Abschlussszene am Flughafen. Foto: CCC Filmkunst Christian Luedeke

Reicht der Wunsch nach Frieden?

Unter der Leitung des Dirigenten tasten sich die jungen Menschen vorsichtig an die vermeintlichen Feinde heran. Die temperamentvolle Geigerin Layla trifft auf den ebenfalls starken Charakter des israelischen Stargeigers Ron (Daniel Donskoy) und eine berührende Liebesgeschichte entwickelt sich zwischen der israelischen Hornistin Shira (Eyan Pinkovich) und dem palästinensischen Klarinettisten Omar (Mehdi Meskar). Deren tragisches Ende mag überzeichnet wirken, zerschlägt aber in konsequenter Art jede Hoffnung auf ein schnelles Ende des Konfliktes. Die verbindende Kraft der Musik sowie der mutige Entschluss, Frieden überhaupt erst zu wollen und Schritte in seine Richtung zu tun, zeigen dennoch Wirkung, wenn auch nicht das erwünschte Resultat.

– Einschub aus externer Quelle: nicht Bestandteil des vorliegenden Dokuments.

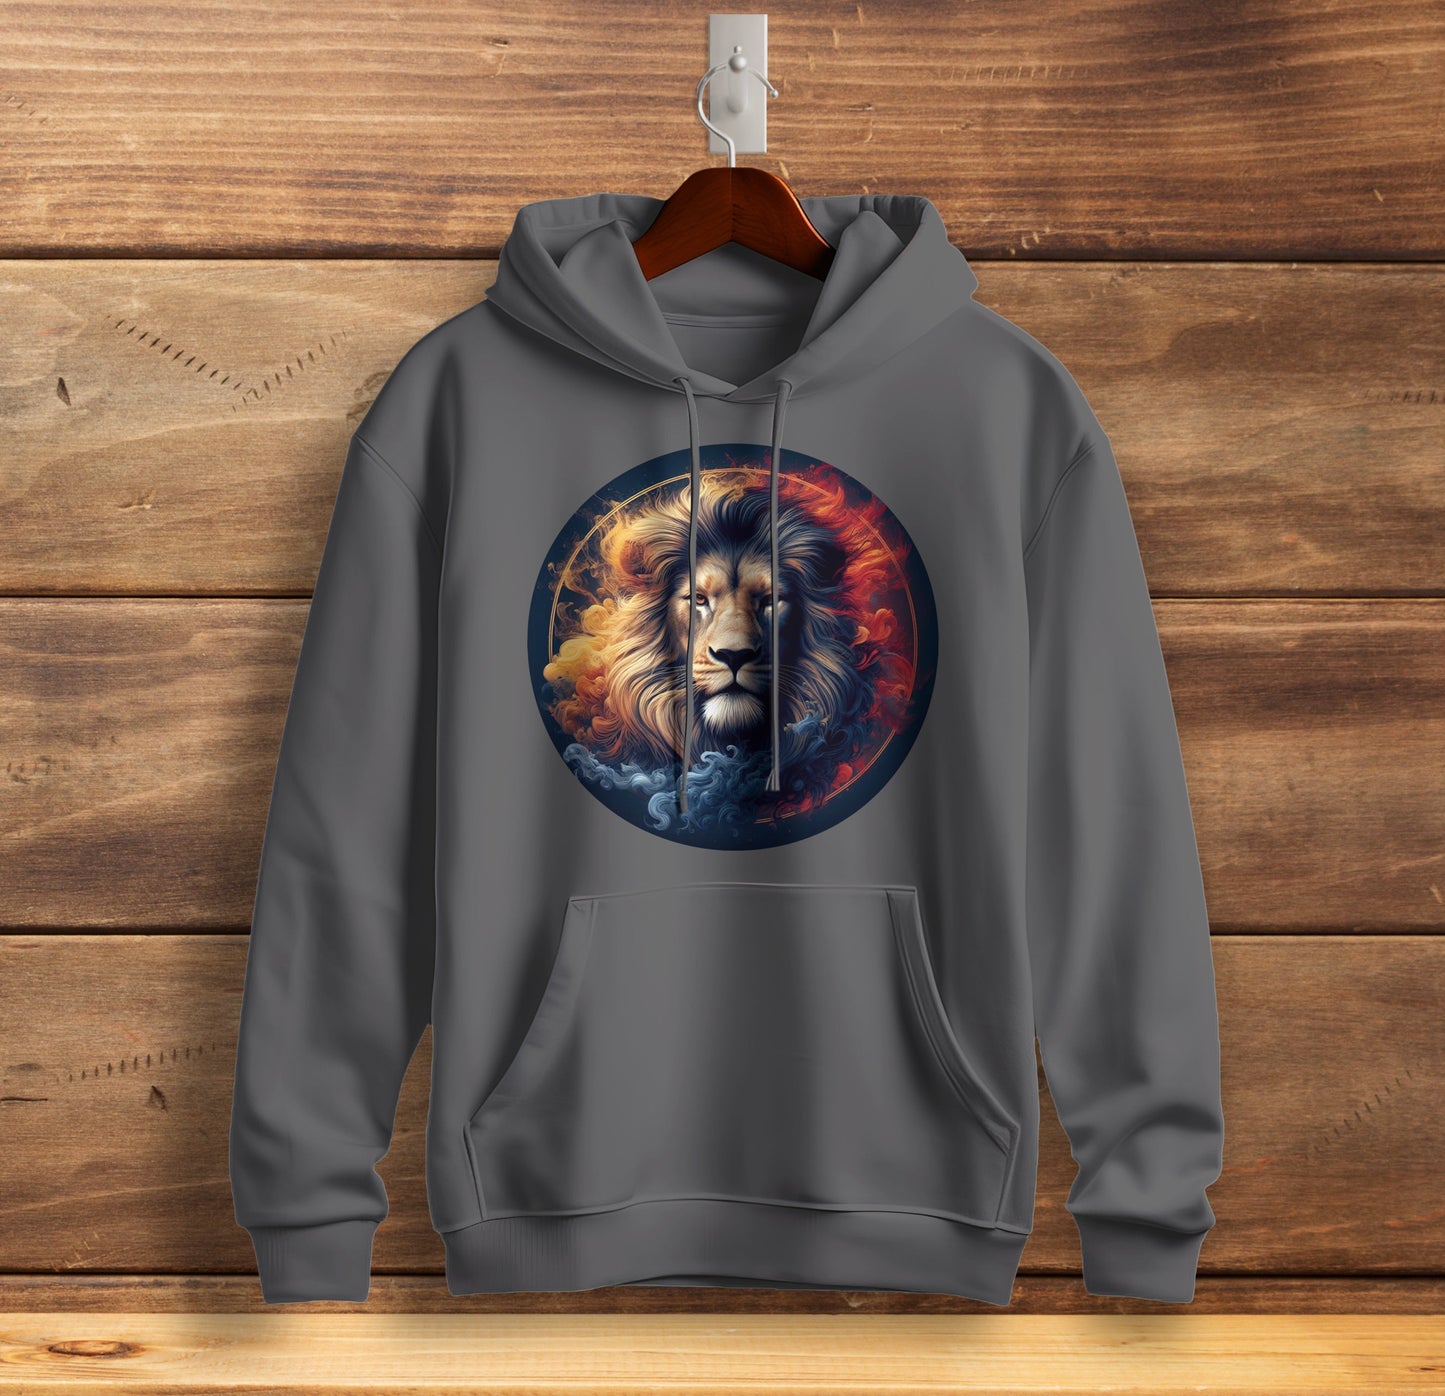 Lion's Strength - Graphic Printed Hooded Sweat Shirt for Men - Cotton - Magnificence of India Sweat Shirt
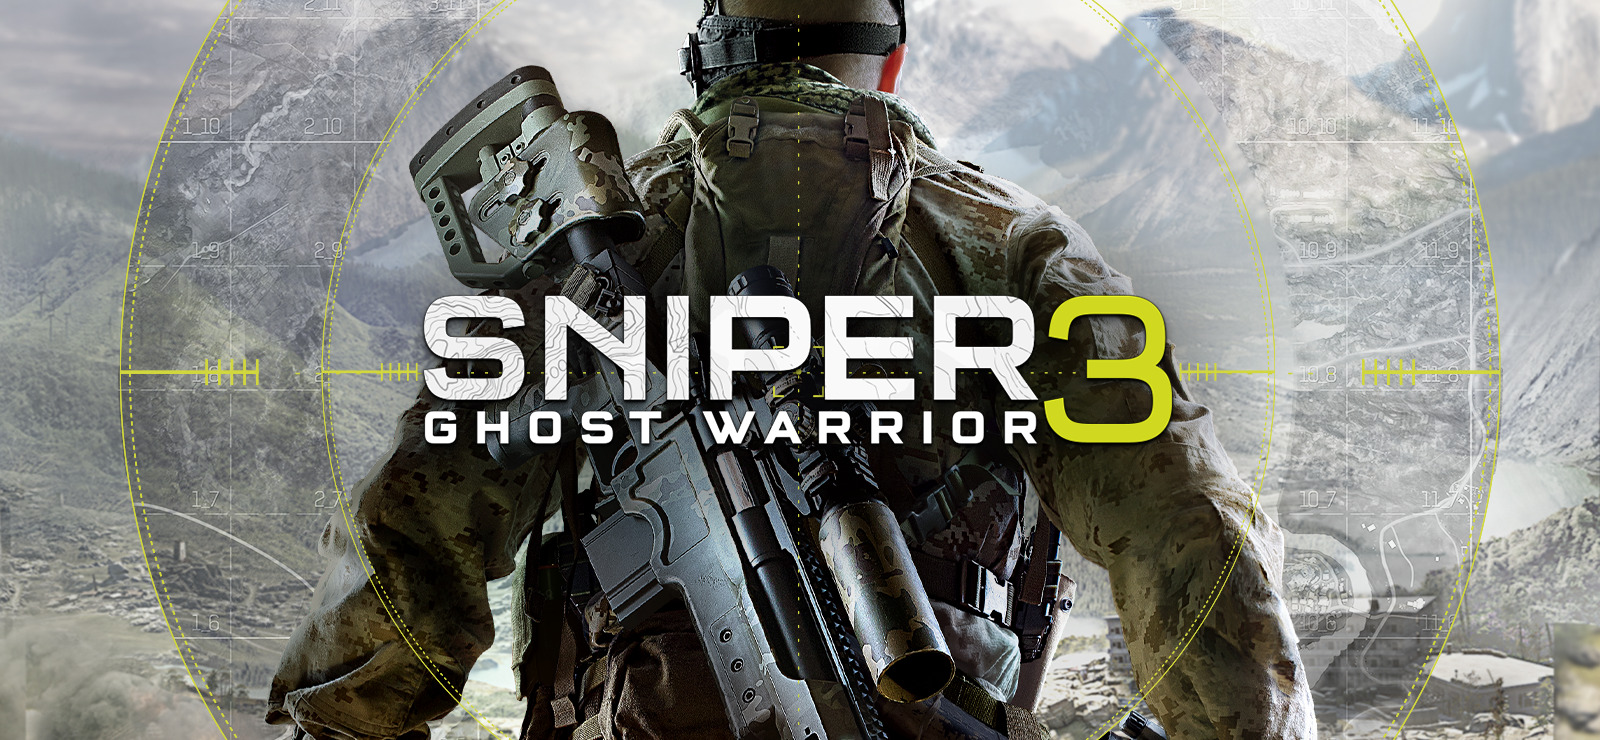 sniper ghost warrior 3 full game free

Angelehnt ist die Idee zum Film „CRESCENDO#makemusicnotwar“ an das seit 1999 existierende „West-Eastern-Dive Orchestra“, das aus Musikern aus Israel, Palästina und anderen arabischen Ländern besteht und weltweit auftritt. Diese sowie viele weitere Initiativen mutiger Menschen auf beiden Seiten des Konflikts zeigen auch jenseits der fiktiven Welt des Films immer wieder, dass Menschen, die einander zuhören, die Hoffnung auf Frieden aufrechterhalten.